Apparently there is even a TV show in South Korea (over 75 episodes) called “Leeds Era Once Again”. According to the show’s introduction, the program provides a platform for people to tell their stories “to help them achieve a new golden period of their lives”.

Of course, “Leeds Days” is now also in the dictionary in Korea. The entry reads: ‘A similar meaning to ‘golden age’, etc. It is used to represent the past when it was bright.”

There is a reference to Alan Smith’s role in all of this as well.

At first glance, Smith’s involvement is curious. After all, there were much bigger names in English football in the early 2000s.

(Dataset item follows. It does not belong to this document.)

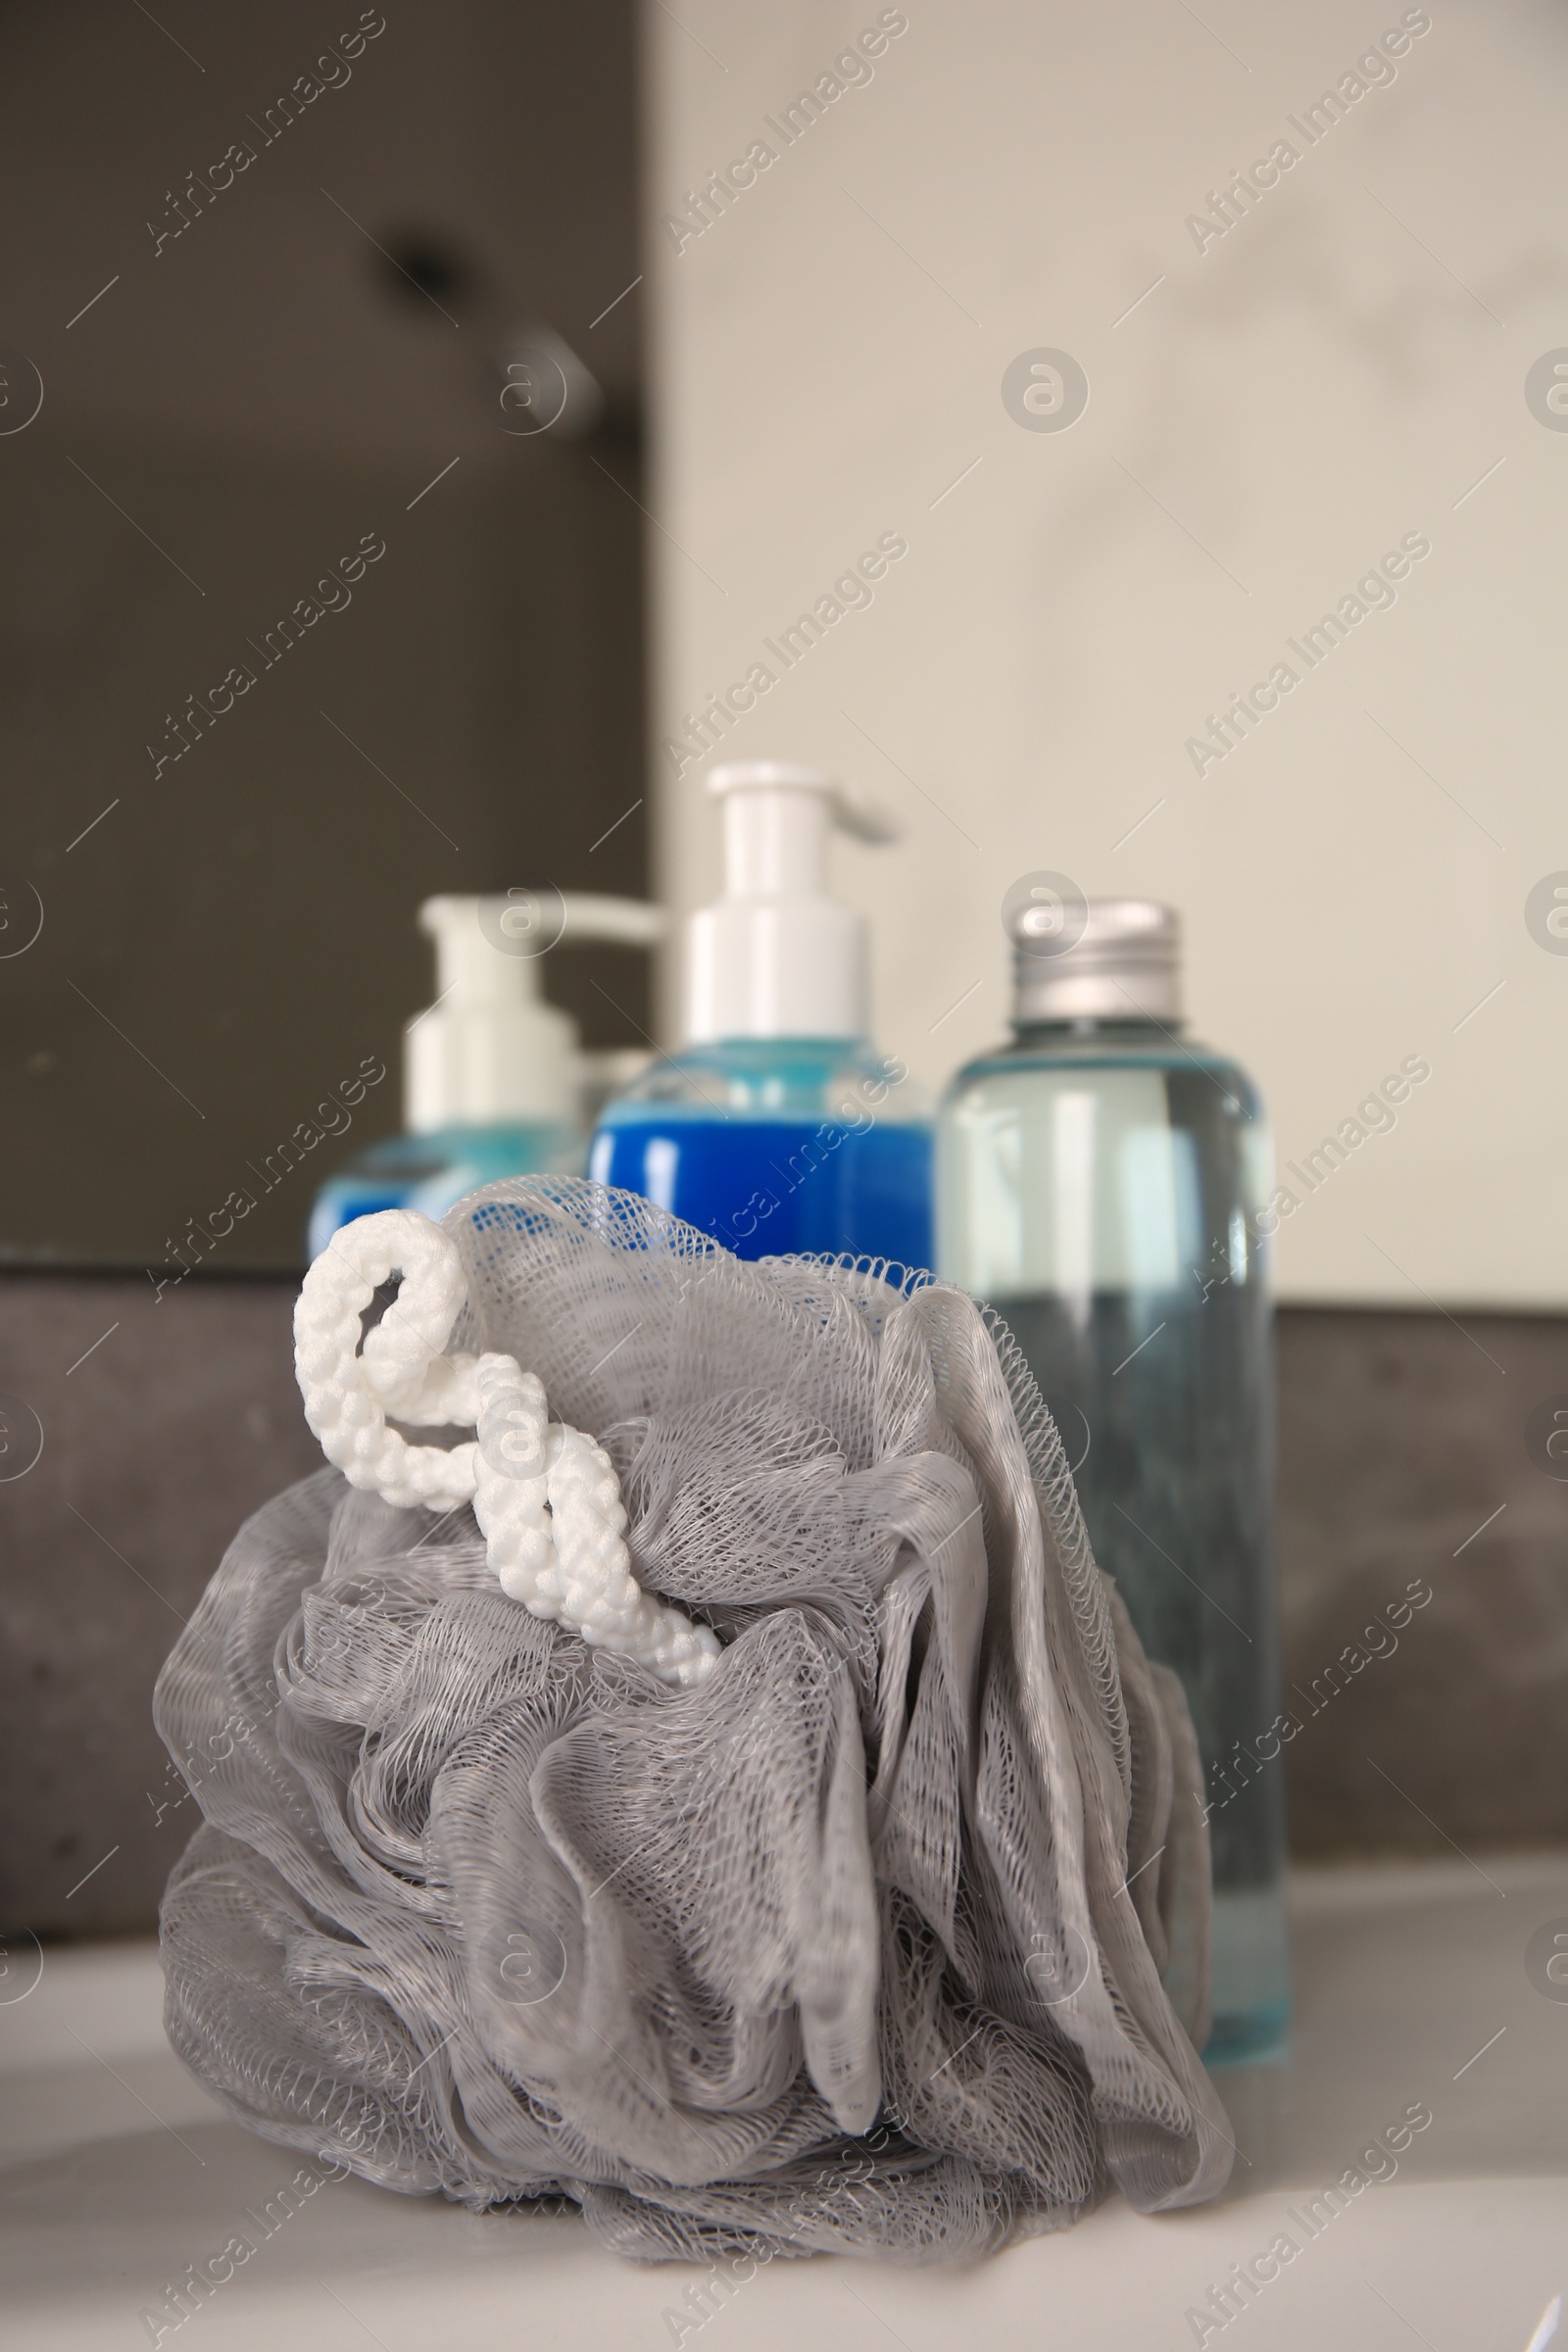 Photo of Grey shower puff and cosmetic products on washbasin in bathroom

However, Smith happened to be playing for Manchester United in 2005 when Park Ji-sung, the most famous South Korean footballer at the time, moved to Old Trafford, prompting a huge surge in interest in the Far Eastern club.


Smith and Park Ji-sung, right, were teammates at Manchester United (John Peters/Manchester United via Getty Images)

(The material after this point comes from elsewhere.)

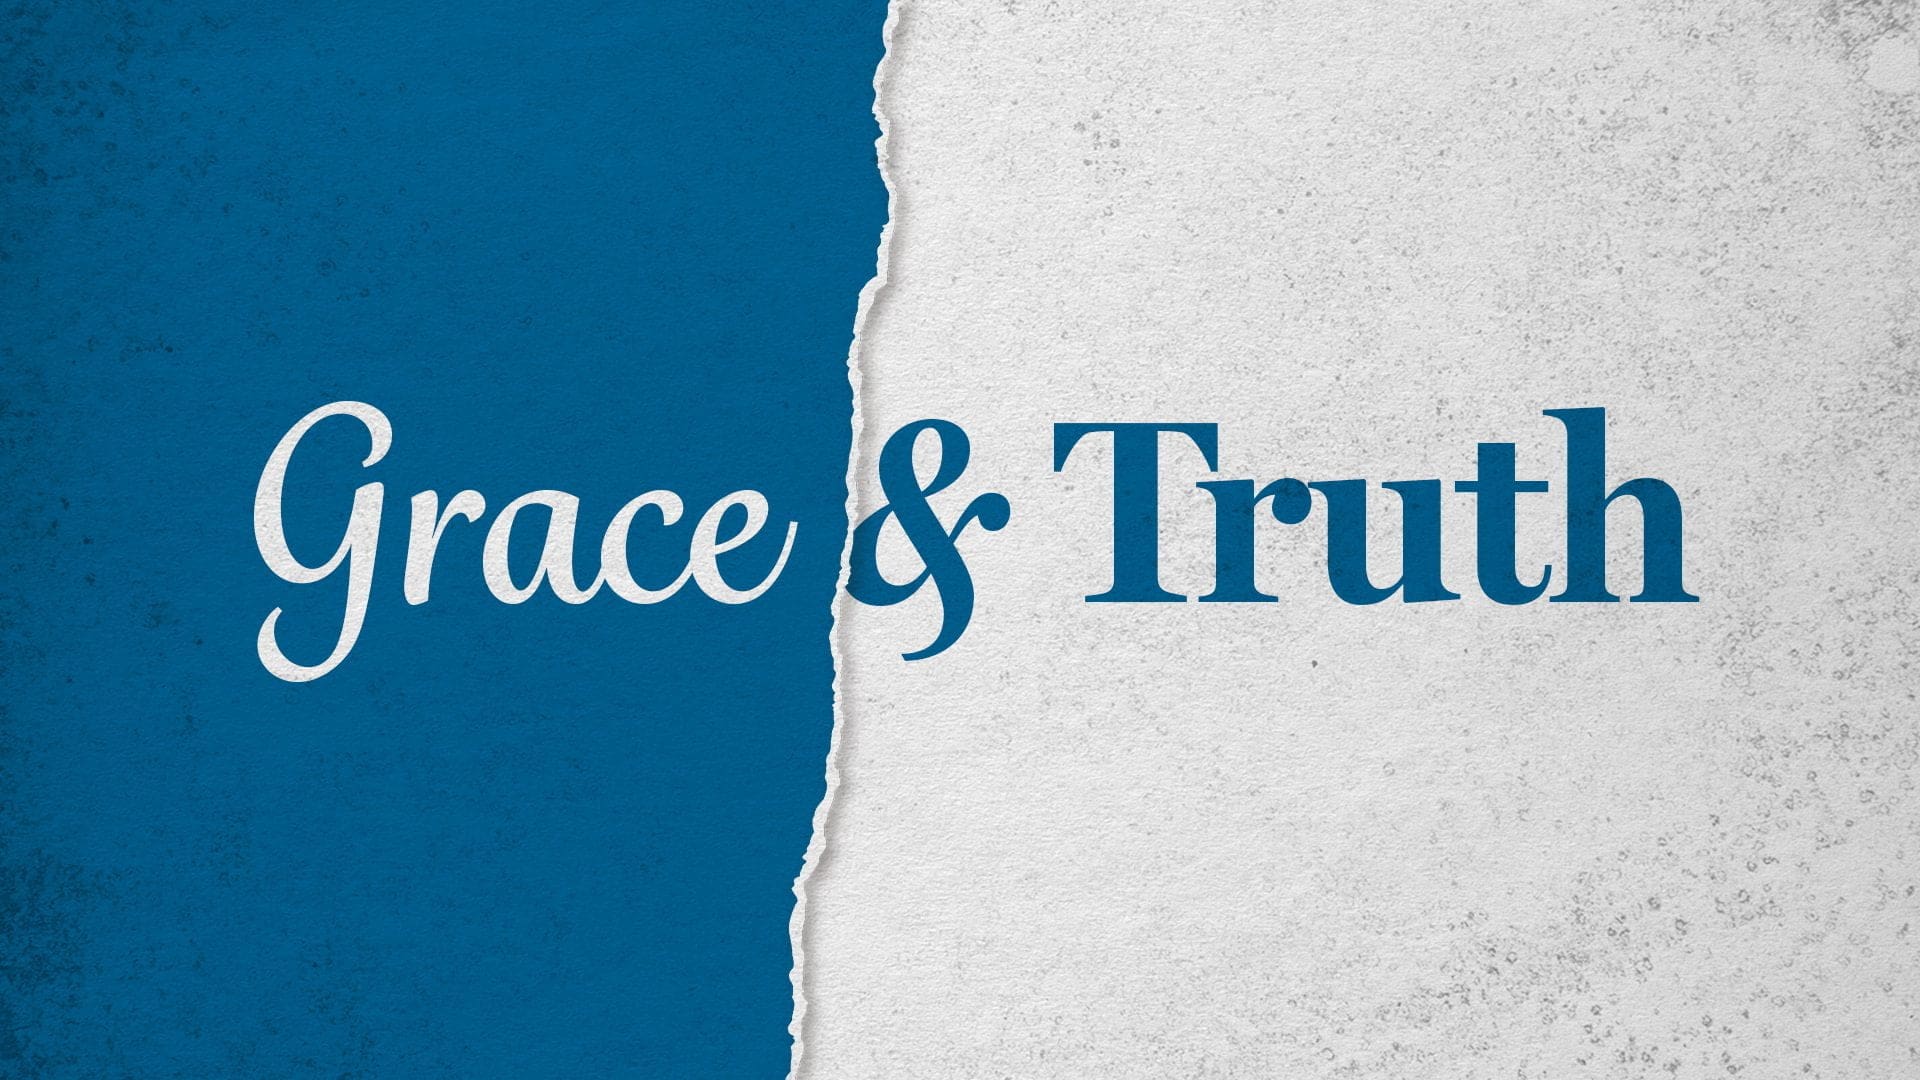 Grace and Truth Together Image

It was also an era when online football communities were taking off in South Korea, and this is where Smith’s performances for United (he struggled to make much of an impression, scoring just 12 goals in 93 appearances and suffered an injury terrible at Anfield) a talking point.

Those in South Korea more familiar with Smith’s backstory – the striker had been a cult figure at Elland Road and a thorn in the side of Premier League defenders with his combative, action-packed style – consistently referred to ” leeds days’ on the internet. forums, essentially to explain how good he used to be and which ended up planting the seed of a catchphrase that soon transcended football.

When The one from Athletic Charlie Eccleshare discussed this topic on the Football Cliches podcast two years ago after returning from Tottenham Hotspur’s pre-season tour of South Korea, some of the responses on social media made for interesting reading.

“I went and looked it up,” Ben Davies (not the Spurs defender) posted on Twitter. “It seems that Korean Instagram is full of middle-aged women posting photos of themselves when they were 18 with ‘Leeds Days’ hashtags.”

Well, there is no “apparent” about it.

After being a little disappointed with the initial search results, recruiting a translator proved to be a game-changer. Park In-wook, who spent a week transporting me around South Korea (in search of Jesse Lingard rather than middle-aged women on Instagram), pointed out a key flaw in the search term.

“Leeds Days,” Park In-wook explained, should be written in Korean.

“Lijeu Sijeol,” he said, spelling it out letter by letter.

He was laughing when he looked over and saw the updated results. “It will take you a while to look through them!”

There were 108,000 posts from anyone and everyone, including movie stars (Keira Knightley, Brad Pitt and Leonardo DiCaprio), footballers (Brazil’s Ronaldo), royals (Prince William) and, yes, middle-aged Korean women. South also, all photographed now and in bloom. Or, to borrow the correct term from South Korea, in the “Leeds Days”.

Park In-wook shakes his head. “Somehow on the Internet that (phrase) became commonly used,” he adds.

“And you usually used it in terms of a person’s appearance—when you were beautiful and young and having a great time.

“Someone might say, ‘Oh, your look is ‘Lijeu Sijeol!’ — “Leeds Age.” That means you look really good right now. Or something is “Lijeu Sijeol”.

It’s unclear how successful it could be as a conversational line. But what we can say is that “Leeds Days” is pretty ubiquitous in South Korea. A YouTube channel is dedicated to the phenomenon and has wildly popular videos that routinely attract hundreds of thousands of views, or millions in the case of Ahn Jung-hwan.

Hailed a national hero after scoring the goal that knocked Italy out of the 2002 World Cup, Ahn was also a spectator in South Korea due to his model-like looks. Unfortunately, age has caught up with Ahn, as it has with all of us, meaning that the “Leeds Days” were more than 20 years ago.


Ahn Jung-hwan scores against Italy at the 2002 World Cup (Alessandro Sabattini/Getty Images)

Park In-wook smiles. “Obviously the older generations have no idea what this expression means. But a lot of people who don’t even watch football, I know.”

Presumably, though, they won’t know the origin?

“No,” Park In-wook replies with a laugh. “They wouldn’t have a clue about ‘Leeds’ – it’s just a foreign word to them.”